To benchmark method performance, we compared the method against four recently published methods, as well as against results obtained by the method when using germline gene usage for grouping clonotypes instead of k-mer based clustering (in step 1 and 2 of the method). Using our CD PBMC dataset, we looked at how many of the 56 previously known CD-associated CDR3s (that exist in the CD PBMC dataset) the methods detect, as well as evaluated the methods’ recall and precision. Our method (RepAn, nt 4-mer based) identified 14 of the 56 known CD associated CDR3s as differentially enriched, whose proportion in comparison to total identified enriched clonotypes is similar to all other methods except ALICE and the public only methods, which are all highly conservative and thus have much lower recall (Additional file 1: Table 6S). The method has the second highest recall and precision, next to the DeWitt’s method or third highest in precision if we include the Yohannes method that detects only public clonotypes. It outperformed all germline gene usage based variants of RepAn in both recall and precision. Thus, the method provides detection of both public and private clonotypes with comparatively high recall and precision, while being the only method that allows direct population level analysis (Additional file 1: Table 6S, see Additional file 2 for the list of the 56 CD-associated CDR3s in the CDPBMC dataset along with those detected by the methods). We note that the shared detection between any two of these methods is rather low (Additional file 1: Fig. 6S) and thus a criteria of detection in at least one other method for assessing precision and recall was used.

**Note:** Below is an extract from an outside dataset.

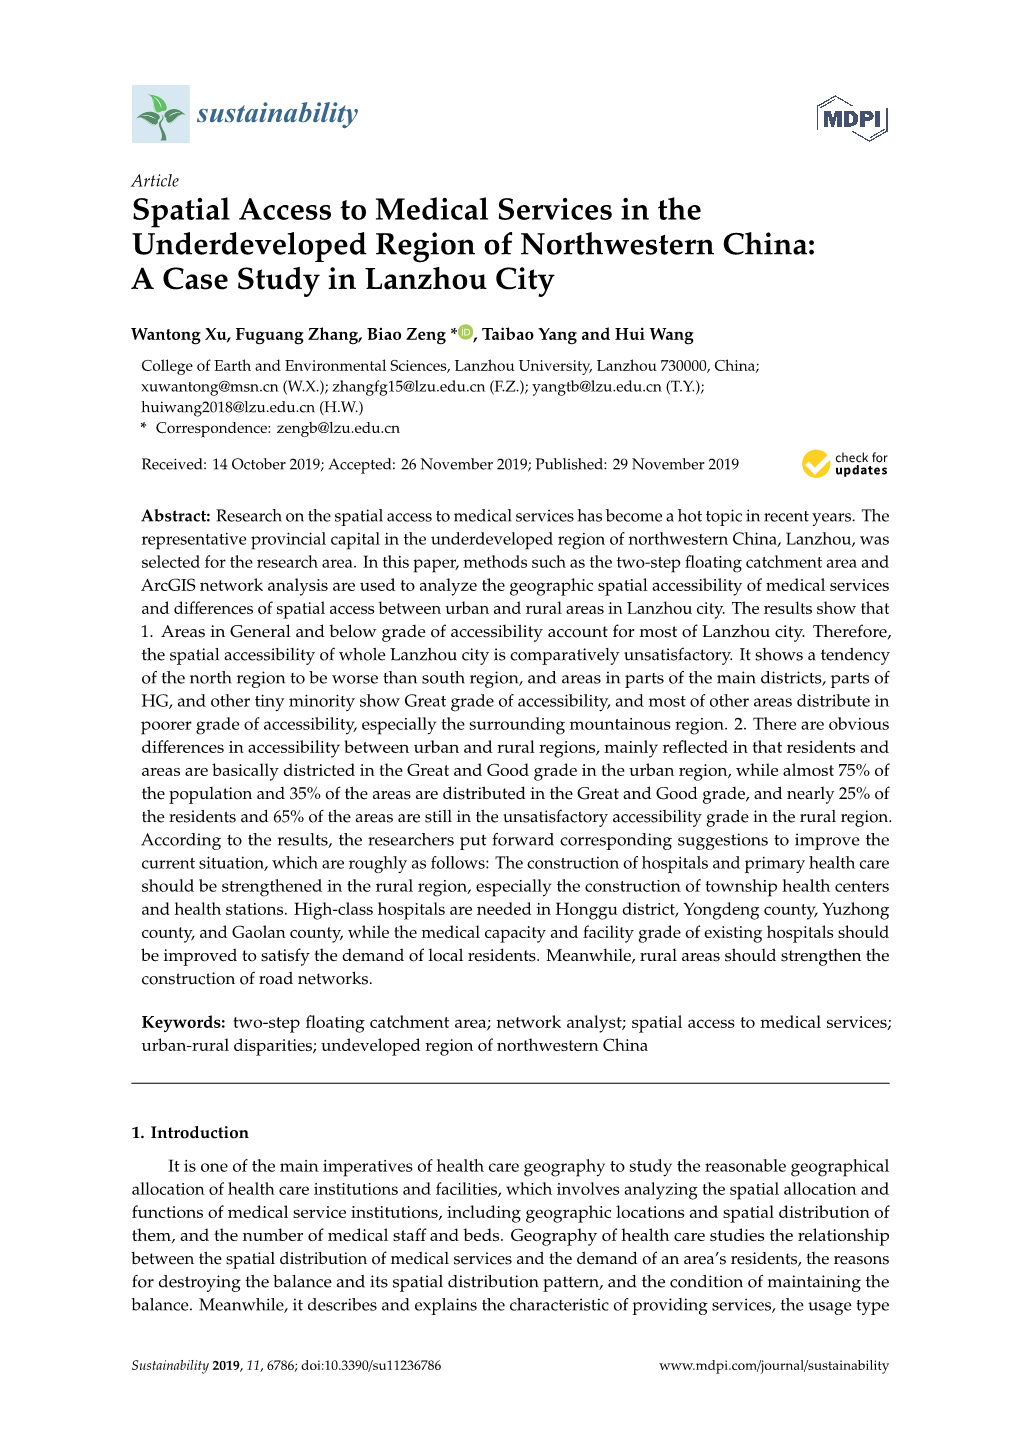 Spatial Access to Medical Services in the Underdeveloped Region of Northwestern China: a Case Study in Lanzhou City
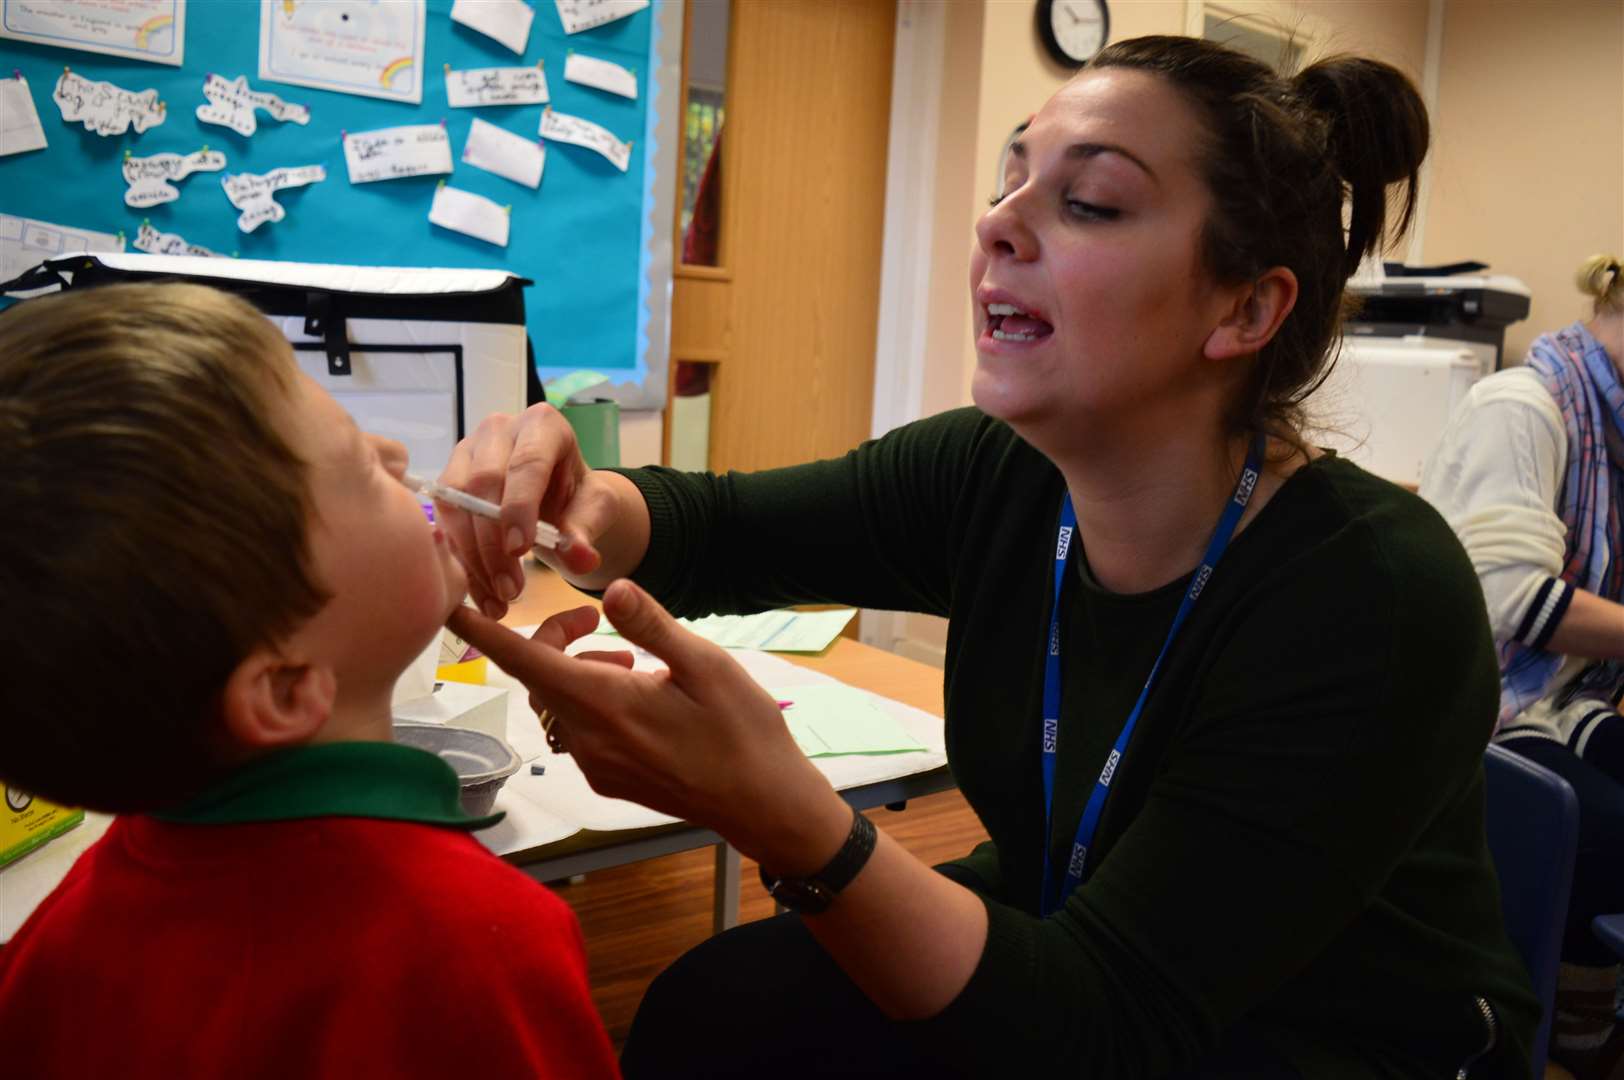 Parents must give consent in advance for their children to receive a flu immunisation

The computational pipeline we present in this work allows comparison of total immune repertoires between sample groups to identify both public and private CDR3 clonotypes associated with conditions. To our knowledge, this is the only currently available method for direct population level comparison of TCR CDR3 repertoires, with incorporated population-wide statistical assessment of TCR clonotypes’ condition-relevance, and thus provides improved ability for examining and monitoring immune responses.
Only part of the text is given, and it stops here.